As laser doesn’t target specific hairs, it’s great for larger areas such as the cheeks or neck. Despite laser developments, it’s still much more effective on dark, thick hairs, such as those commonly found on the chin or upper lip.
Think of IPL as laser’s less intense younger sibling. Instead of heat, it uses light to damage the follicles. This makes the treatment itself less uncomfortable than laser – but also weaker, taking more sessions to get the results you want.

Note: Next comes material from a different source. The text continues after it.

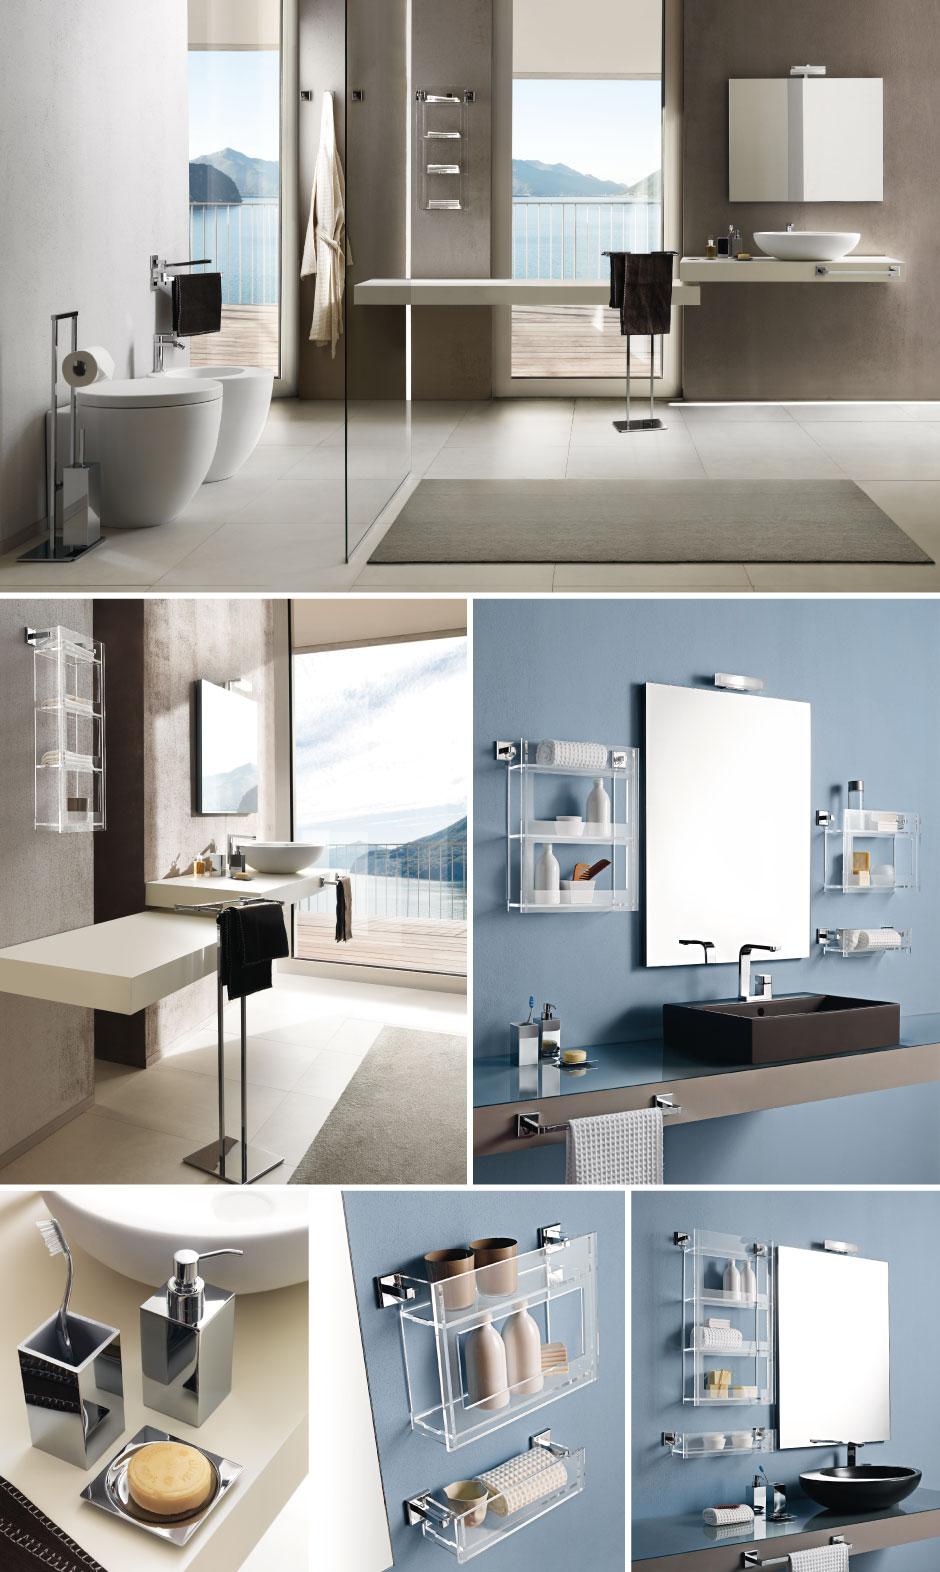 Accessori Per Il Bagno In Plexiglass.Benvenuto Tl Bath Accessori In Plexiglass Per Il Tuo Bagno
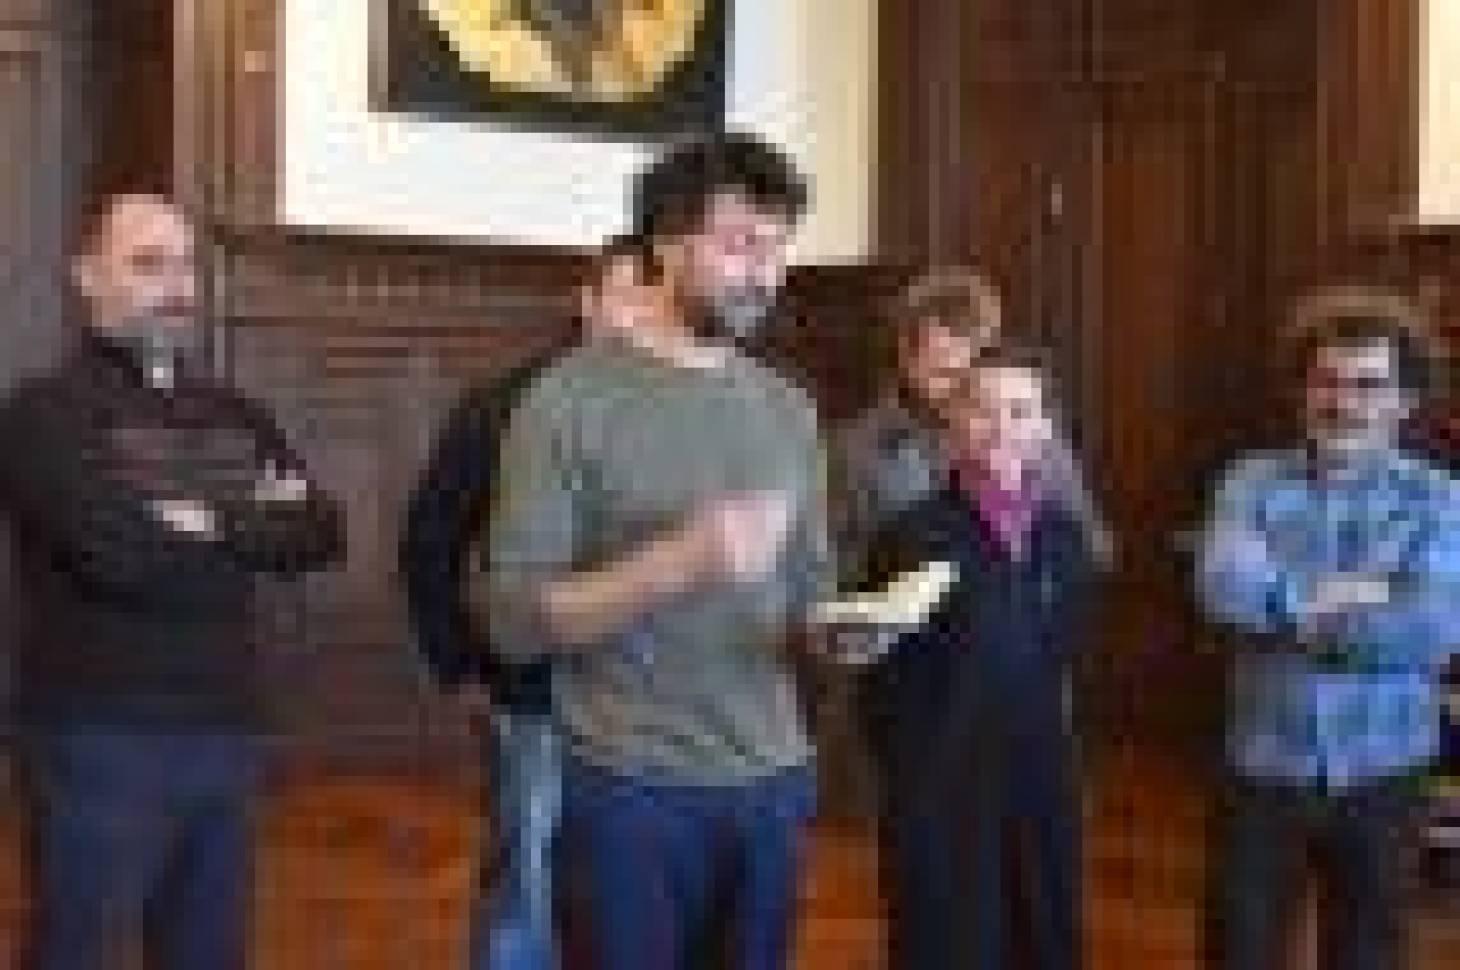 Traversées : la médaille de Grand Poitiers à L'Homme debout

Otherwise, it works very similarly to laser. The hair absorbs the light, eventually reducing growth after multiple sessions.
Is it right for me?
IPL is more indiscriminate than laser, making it even more ideal for large facial areas. The fact that it’s typically also less uncomfortable might also be another reason to choose IPL for hairier spots like the hairline, sideburns, or chin.
It’s important to note that darker skin tones and lighter hair generally aren’t considered appropriate candidates. Darker skin contains more melanin, making it more susceptible to burns, while lighter hair doesn’t have enough.
This is the closest you can come to permanent hair removal. With the aid of a thin metal probe, electrolysis targets each hair follicle with a low-level electrical current to kill the cells generating growth.
It’s extremely precise – and for that reason, also slow. Sessions tend to be notably longer than laser or IPL. But on the plus side, you can expect extremely long-lasting results as the follicle is totally destroyed.
Is it right for me?
This precision makes electrolysis perfect for areas requiring close attention to detail, such as the brows, hairline, or beard neckline.
Unlike laser and IPL, your suitability doesn’t depend on your hair colour or skin tone. However, it is worth considering the time required to tackle larger areas of the face.